Journal of Climate Research

Journal of Climate Research

Prediction of heavy rainfall in southwestern Iran based on data assimilation of the WRF/CFSv2 model. (Case study: March 24 to 31, 2019)

Document Type : Original Article

Authors
Mohammad Sabzehzari
Maryam Rezazadeh
Marine Science and Technology faculty, University of Hormozgan.Bandar Abbas,Iran
Abstract
Introduction

Precipitation plays a key role in the regional and global hydrological cycle. Also, precipitation is a difficult environmental variable to model and forecast in numerical weather prediction (NWP) systems. The use of high-resolution forecasting for heavy rains can play an important role in accurately predicting floods and regulating water resources behind dams. Numerical weather prediction (NWP) is of great importance. (WRF) model is the latest generation of mesoscale numerical weather forecasting models.
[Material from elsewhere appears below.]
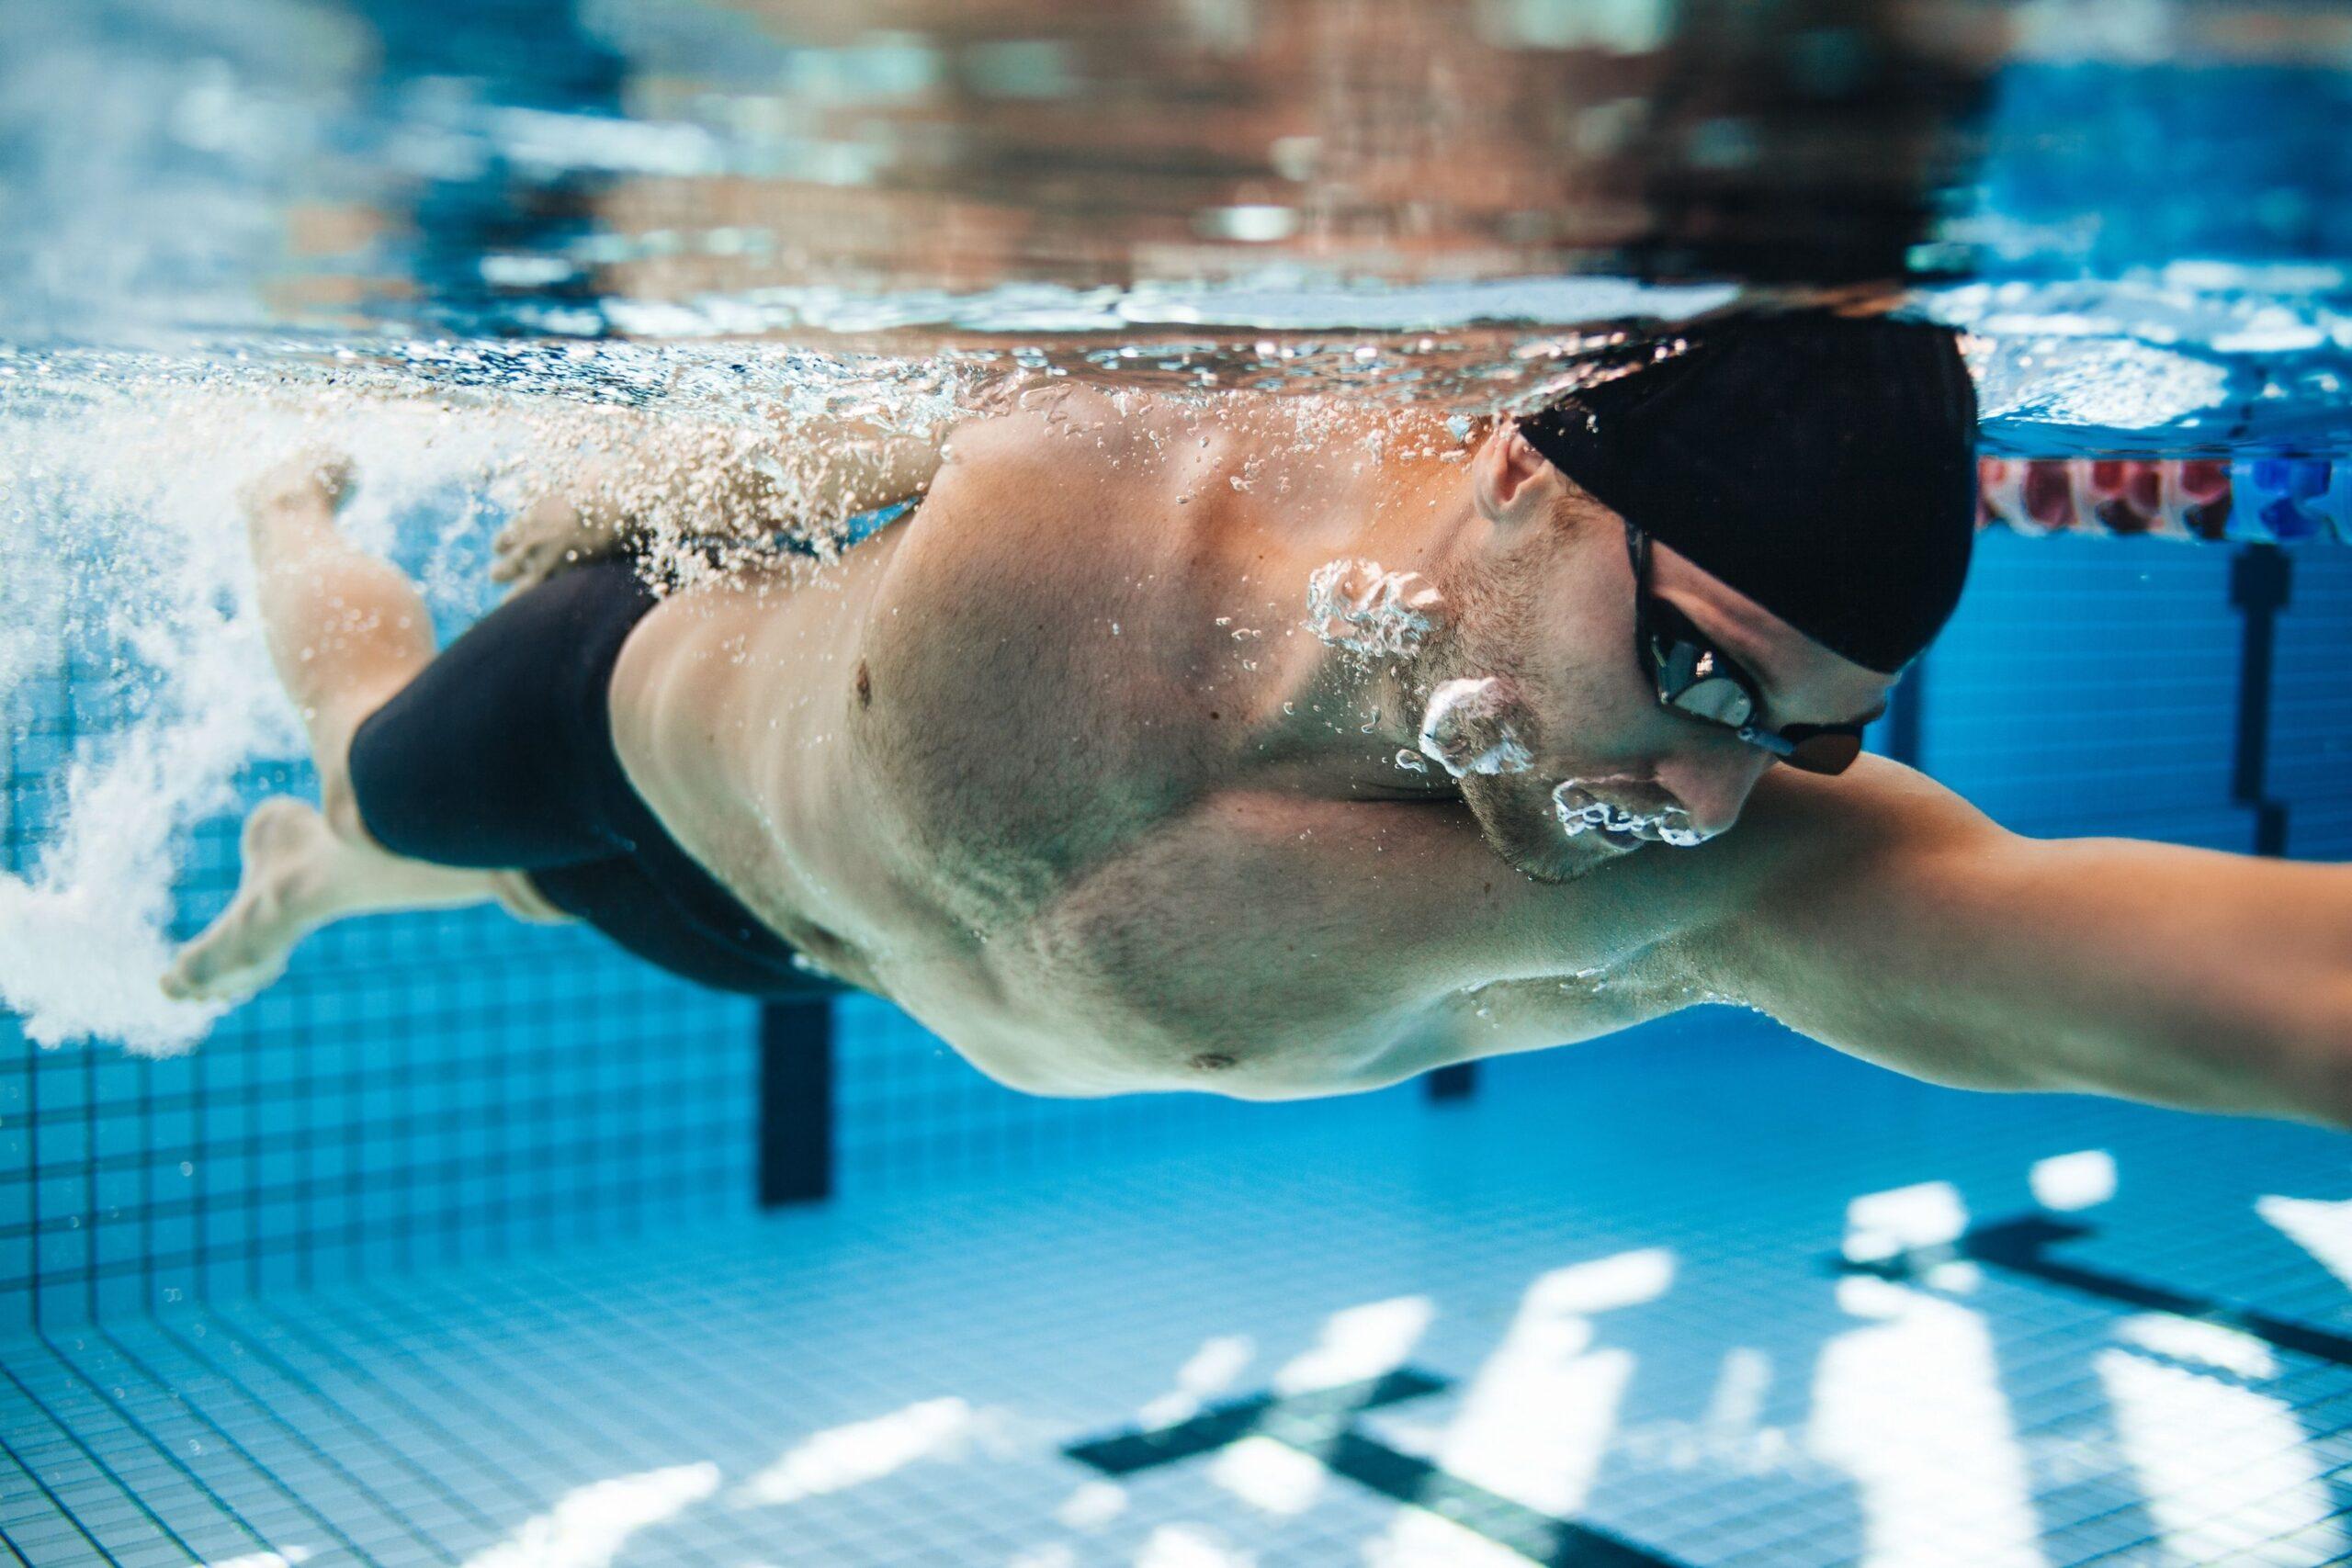 Los beneficios del deporte para la salud física y mental

Recent studies have shown that the WRF model has great potential in recording precipitation characteristics such as precipitation time, location, and evolution. However, the results are not ideal due to the low quality of the initial conditions for generating accurate rainfall values, which data assimilation methods can improve.

Materials and methods

In this study, CFSv2 global data with a horizontal separation of half a degree is used for the boundary conditions of the model for atmospheric variables. The time steps of the used data are six hours.The model was implemented for torrential rains from March 24 to 31, 2019 in the southwestern region of Iran. To be more sure of the output of the model, model runs from 00:00 on the 11th to 18:00 on the 13th of March were considered for total rainfall. Using CFSv2 model data, the model was run once without data assimilation (WRF) and once with data assimilation (WRFDA), and finally the model forecast for total precipitation was compared.The data used include data from ATMS, MHS, GPSRO satellites, and (prepbufr) data.

Results and discussion

In this study, CFSv2 climate model data were used as boundary and initial conditions in the WRF model (execution without data assimilation) to predict the flood of April 2019 according to March 24-31, 2019. Then, using satellite data and observational data of the earth's surface and upper atmosphere, the data assimilation process was done by the WRFDA model. Considering the changes of the model output in each model run, especially in a longer time interval, the said model was built in the time interval from March 11 to 13 and four times, namely 00:00, 06:00, 12:00 and 18:00 GMT, and a total of 24 runs. The precipitation output for two cases with data assimilation and without data assimilation was compared with the CFSv2 model output in the same period. From the comparison of the output images of the models, it is clear that the increase in the amount of precipitation of the WRF model compared to the CFSv2 model is clear compared to the zoning of the cumulative amount of actual precipitation. Also, the data assimilation model shows a slight difference in improving the amount of precipitation compared to the model without data assimilation. 10 points with observed rainfall of more than 150 mm were extracted from observation data. The average output of the models without data mining (WRF), with data assimilation (WRFDA), and the CFSv2 model for 12 implementations of each desired point were compared with the amount of actual precipitation in these points. As it is known, the output of the WRF model is closer to the actual amount of precipitation compared to the original CFSv2 model, and the output of the WRFDA data assimilation model is also more accurate than the WRF model without data assimilation.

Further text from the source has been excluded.